Dos días después del
golpe de estado detuvieron en sus casas a varios compañeros. Para no
comprometer a mi familia dos compañeros y yo nos fuimos por unos días a una
casa del conurbano que un tío de alguien del grupo tenía desocupada desde hacía
meses. Los que fueron detenidos no aparecían presos en ninguna comisaría ni
cuartel militar. El grupo que logró dispersarse antes de la redada quedó
desconectado entre sí. Sabía que Laura había sido apresada. Cada tanto
llamábamos a alguien para tener noticias desde un teléfono público. Una noche
en que charlábamos compartiendo mate en la cocina se produjo un silencio que
nos obligó a callarnos. Ya conocíamos los ruidos de la noche y daba la
sensación que fuera de la casa el mundo se había detenido. Fueron unos minutos
en los que nadie habló hasta que el estruendo de la puerta de entrada al ser
derribada, los gritos, los reflectores patrullando las paredes de la vivienda
nos envolvieron en un espiral de pánico.
Nos subieron
encapuchados a un camión. Nos sentaron en dos filas en la caja y con nosotros
subieron tres soldados como custodia. Por el movimiento que notamos a nuestro
alrededor movilizaron tropa como para una redada en la que esperaba capturar
más gente. Luego de hacer un trecho por ruta sentimos el olor a tierra y a
campo. Cada uno de nosotros, sin decirnos nada, recordó la charla que un
militante veterano nos había dado sobre el accionar de militares y paramilitares.
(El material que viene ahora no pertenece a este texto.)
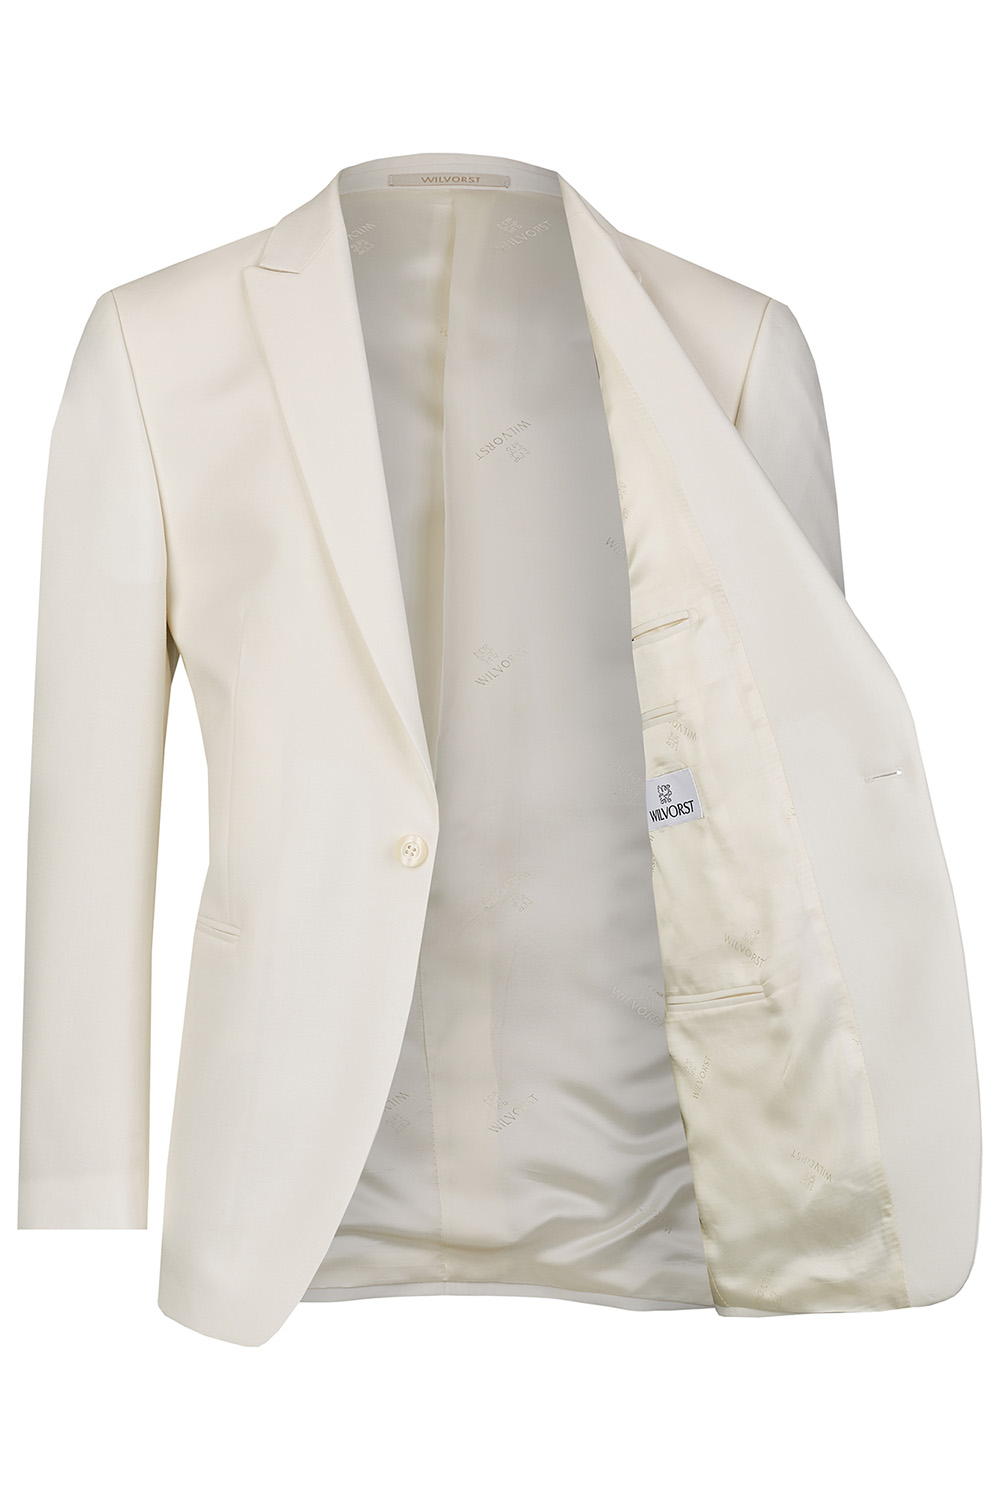 WILVORST fehér dinner jacket részletek 401824-1 Modell 17761-2

No pude distinguir cuál de mis compañeros lloraba. El camión se detuvo,
escuchamos abrir la puerta de atrás y un grito para que bajáramos. Ni bien
apoyamos los pies en el suelo recibimos varios culatazos de fusil y unas
patadas cuando nos tenían tendidos en el piso. Nos tomaron de los brazos y nos
llevaron a un lugar cerrado donde nos hicieron sentar en el suelo. Desde otro
lugar cercano se escuchaban gritos de dolor.
La luz se encendió y un pelotón de soldados se llevó a la rastra a mis compañeros. Me quedé solo. Sentí que alguien se había parado delante de mí. Por la parte inferior de la capucha pude ver que a mis pies los rodeaban dos borceguíes. Noté que el hombre flexionaba las rodillas para agacharse y apreté los dientes para recibir el golpe. El hombre me dijo casi susurrando: ¿en qué te metiste, Daniel? Los justicieros solo existen en el cine. Era Luis.